Information shown Block Start

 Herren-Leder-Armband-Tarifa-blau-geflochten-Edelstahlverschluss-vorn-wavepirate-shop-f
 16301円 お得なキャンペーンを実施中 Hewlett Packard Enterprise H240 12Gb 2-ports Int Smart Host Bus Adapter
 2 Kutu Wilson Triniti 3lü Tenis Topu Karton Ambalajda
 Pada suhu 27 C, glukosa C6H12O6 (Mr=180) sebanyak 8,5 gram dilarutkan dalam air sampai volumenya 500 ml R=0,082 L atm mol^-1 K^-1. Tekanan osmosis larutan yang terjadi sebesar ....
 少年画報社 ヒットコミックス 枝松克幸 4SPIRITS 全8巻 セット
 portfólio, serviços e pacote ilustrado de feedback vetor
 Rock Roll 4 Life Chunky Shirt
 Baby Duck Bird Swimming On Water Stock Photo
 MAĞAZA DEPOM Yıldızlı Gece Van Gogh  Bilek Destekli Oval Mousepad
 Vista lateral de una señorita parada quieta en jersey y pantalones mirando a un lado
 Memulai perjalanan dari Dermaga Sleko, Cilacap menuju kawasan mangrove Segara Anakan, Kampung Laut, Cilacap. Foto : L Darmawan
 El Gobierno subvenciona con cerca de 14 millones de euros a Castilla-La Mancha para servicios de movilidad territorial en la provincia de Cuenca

Information shown Block End

__What to work on__
Extract every record. Keep wording exact.

__Written response__
 Herren-Leder-Armband-Tarifa-blau-geflochten-Edelstahlverschluss-vorn-wavepirate-shop-f
 16301円 お得なキャンペーンを実施中 Hewlett Packard Enterprise H240 12Gb 2-ports Int Smart Host Bus Adapter
 2 Kutu Wilson Triniti 3lü Tenis Topu Karton Ambalajda
 Pada suhu 27 C, glukosa C6H12O6 (Mr=180) sebanyak 8,5 gram dilarutkan dalam air sampai volumenya 500 ml R=0,082 L atm mol^-1 K^-1. Tekanan osmosis larutan yang terjadi sebesar ....
 少年画報社 ヒットコミックス 枝松克幸 4SPIRITS 全8巻 セット
 portfólio, serviços e pacote ilustrado de feedback vetor
 Rock Roll 4 Life Chunky Shirt
 Baby Duck Bird Swimming On Water Stock Photo
 MAĞAZA DEPOM Yıldızlı Gece Van Gogh  Bilek Destekli Oval Mousepad
 Vista lateral de una señorita parada quieta en jersey y pantalones mirando a un lado
 Memulai perjalanan dari Dermaga Sleko, Cilacap menuju kawasan mangrove Segara Anakan, Kampung Laut, Cilacap. Foto : L Darmawan
 El Gobierno subvenciona con cerca de 14 millones de euros a Castilla-La Mancha para servicios de movilidad territorial en la provincia de Cuenca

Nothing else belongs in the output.